Although this study examined a wide breadth of courses offered at a major university in the United States, it is important to note some limitations. The courses outlined in this article are only some of those offered at many colleges and universities and while major courses in GE categories were included in this analysis, others were not. Those with incomplete information, or missing information, could not be included in this analysis. Furthermore, although the method and investigation outlined in this study suggest that grading is an accurate and helpful process, critics may disagree. Some may argue that faculty have an intuitive sense of grading and performance, which, although not within the scope of this study, may be a factor involved that is yet to be considered. In addition, courses were not specified based on faculty or instructor, and this may also limit the scope of information presented; if more experienced faculty were reflected in this study, it may imply grading experience plays a role in outcome evaluation. This would be beneficial for future research investigation.
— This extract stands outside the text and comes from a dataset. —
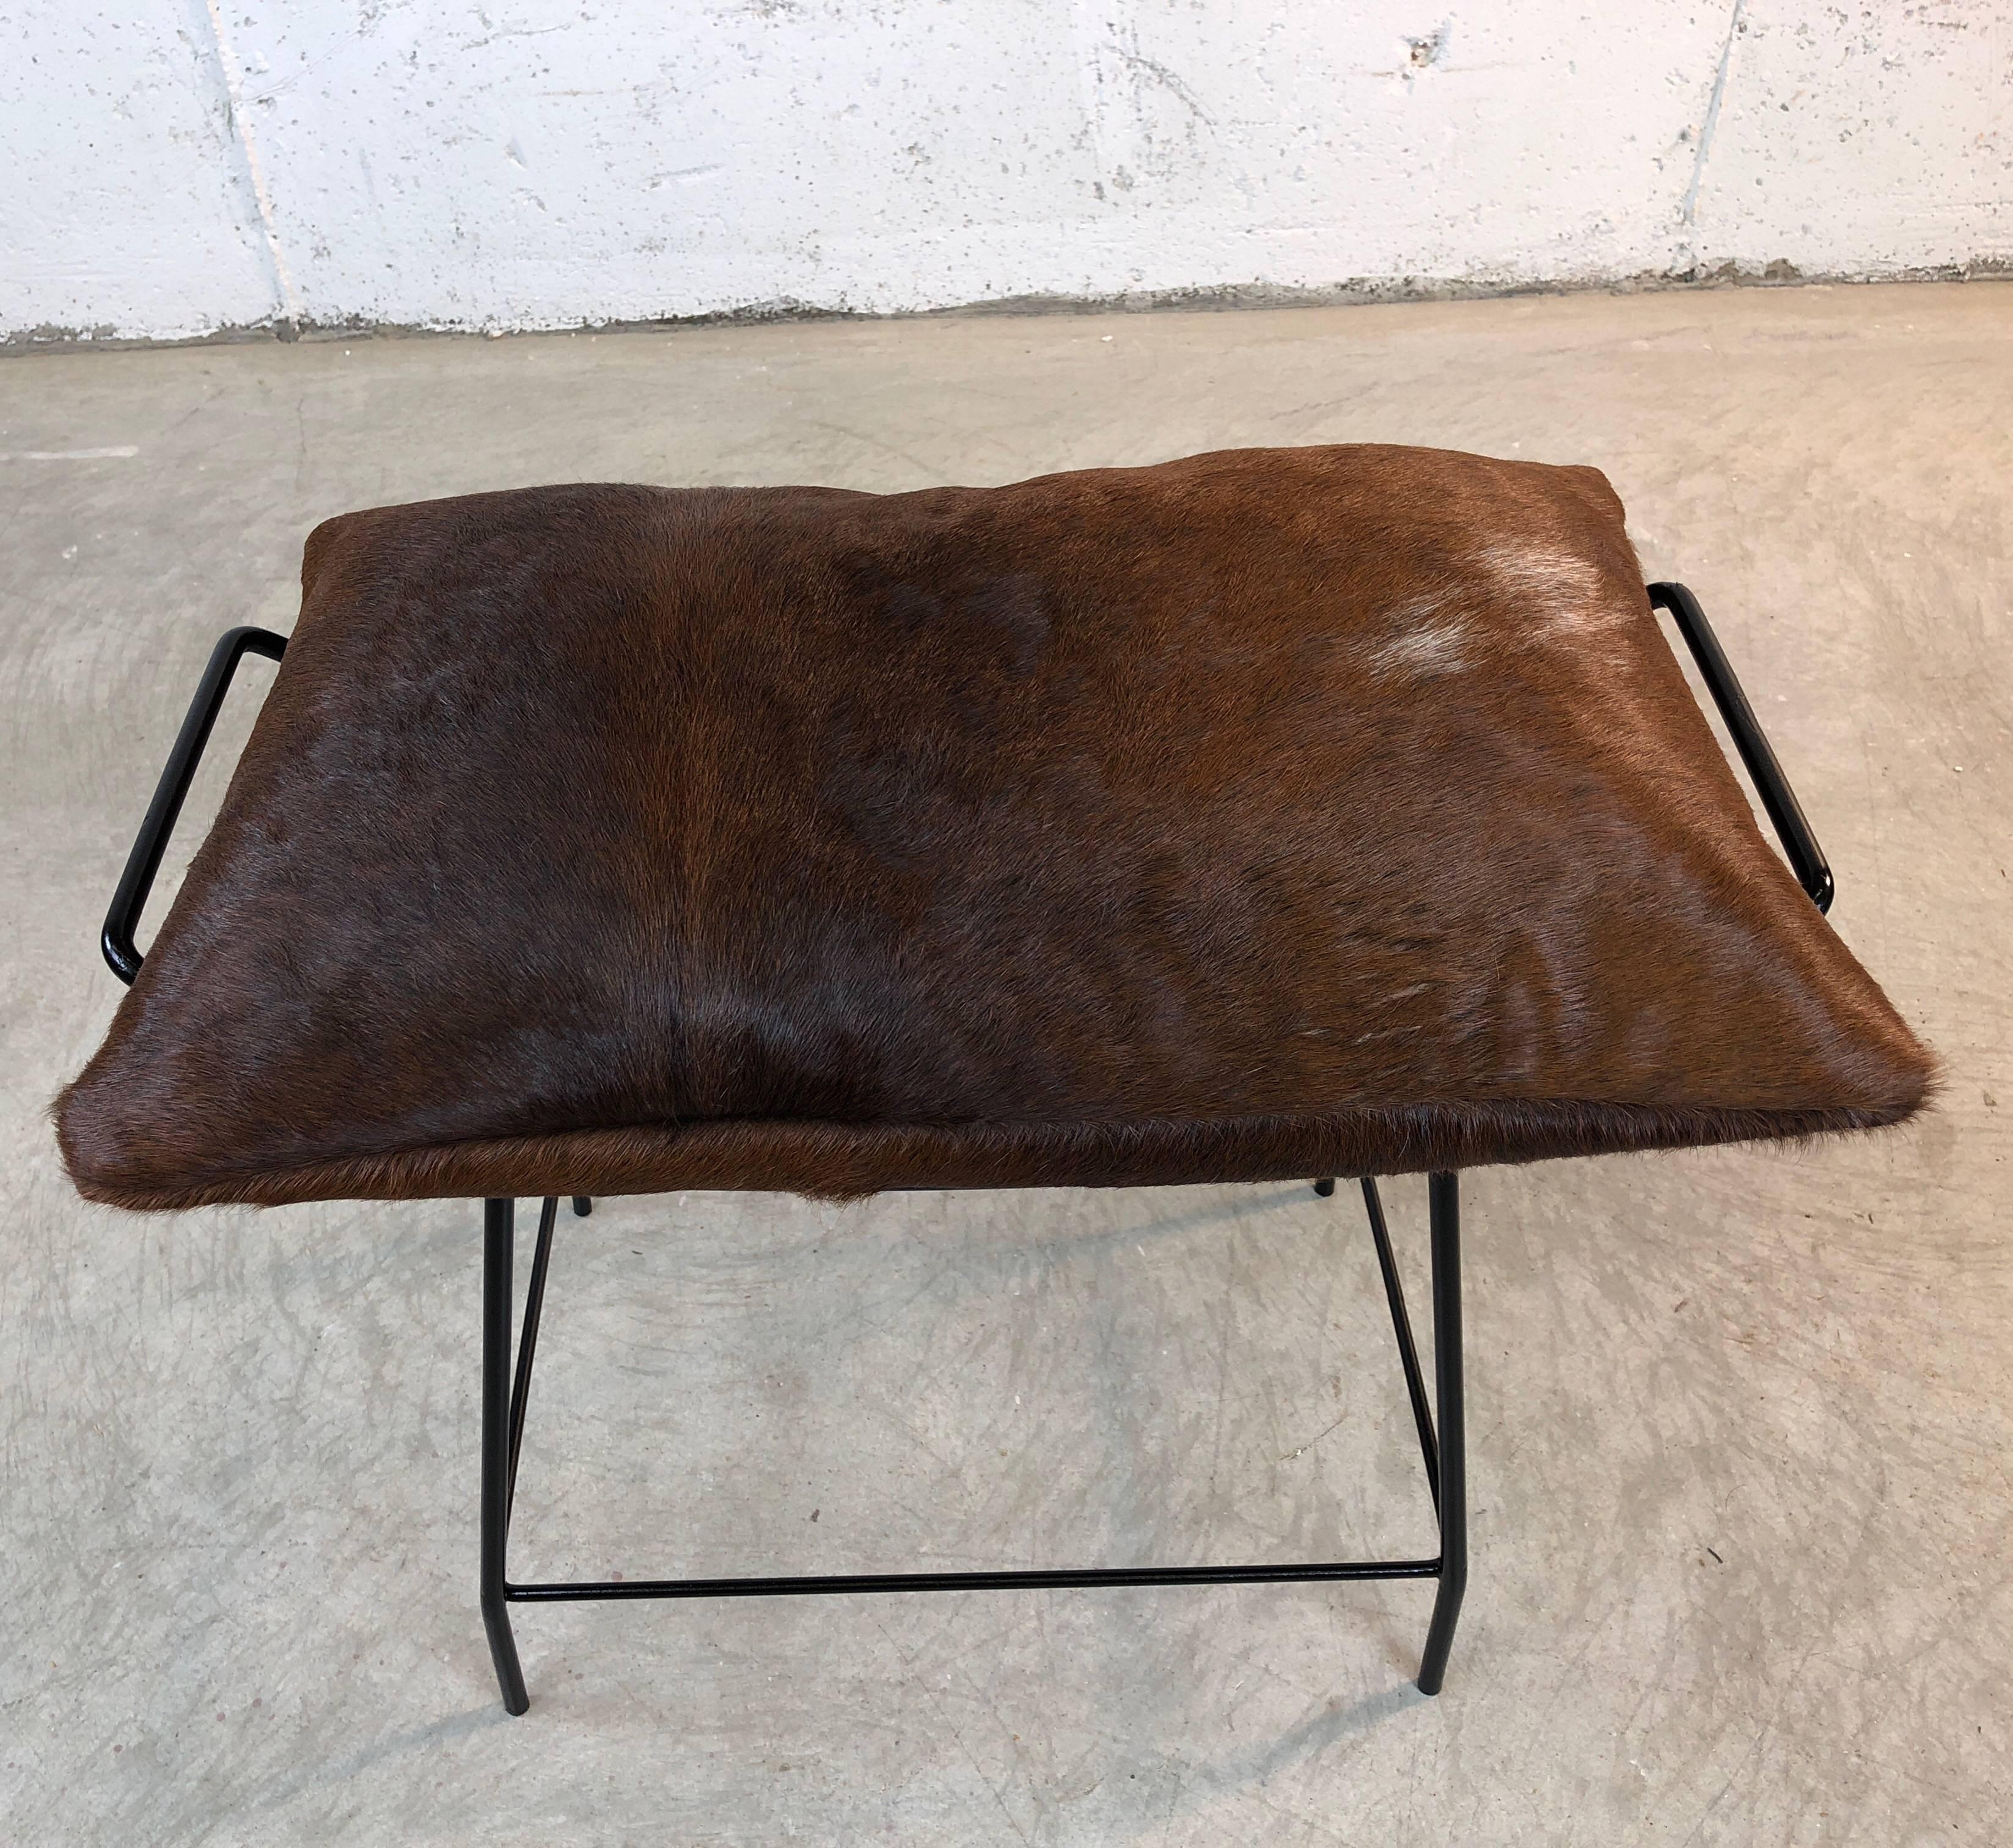 Mid-Century Modern black painted metal vanity stool with brown cowhide pillow. The vanity has handles and a mesh base and is newly refinished. The pillow is new cowhide. No marks. 

Measures: 21, 11, 18.

Although there is limited literature using MTMM in this area, this study seeks to offer additional evidence in support of the sparse available research published. This study offers an alternative method of MTMM application in the hope that more users will apply MTMM to investigate issues such as course grades in the future. The value of MTMM and the scope of this research go beyond examining courses in arts and sciences; future studies may wish to expand the body of research by applying MTMM, and the Direct Method as presented here, to other academic areas. Finally, it is recommended the reader consider the use of the MTMM Direct Method of analysis as proposed within this article; future use may confirm the utility of this method, and criticisms may offer integral suggestions for its future development. It is possible the use of this statistical method of investigation has broader applications than the examination of course grades and learning outcomes and can be applied in various settings and contexts.
Footnotes
Declaration of Conflicting Interests
The author(s) declared no potential conflicts of interest with respect to the research, authorship, and/or publication of this article.
Funding
The author(s) received no financial support for the research and/or authorship of this article.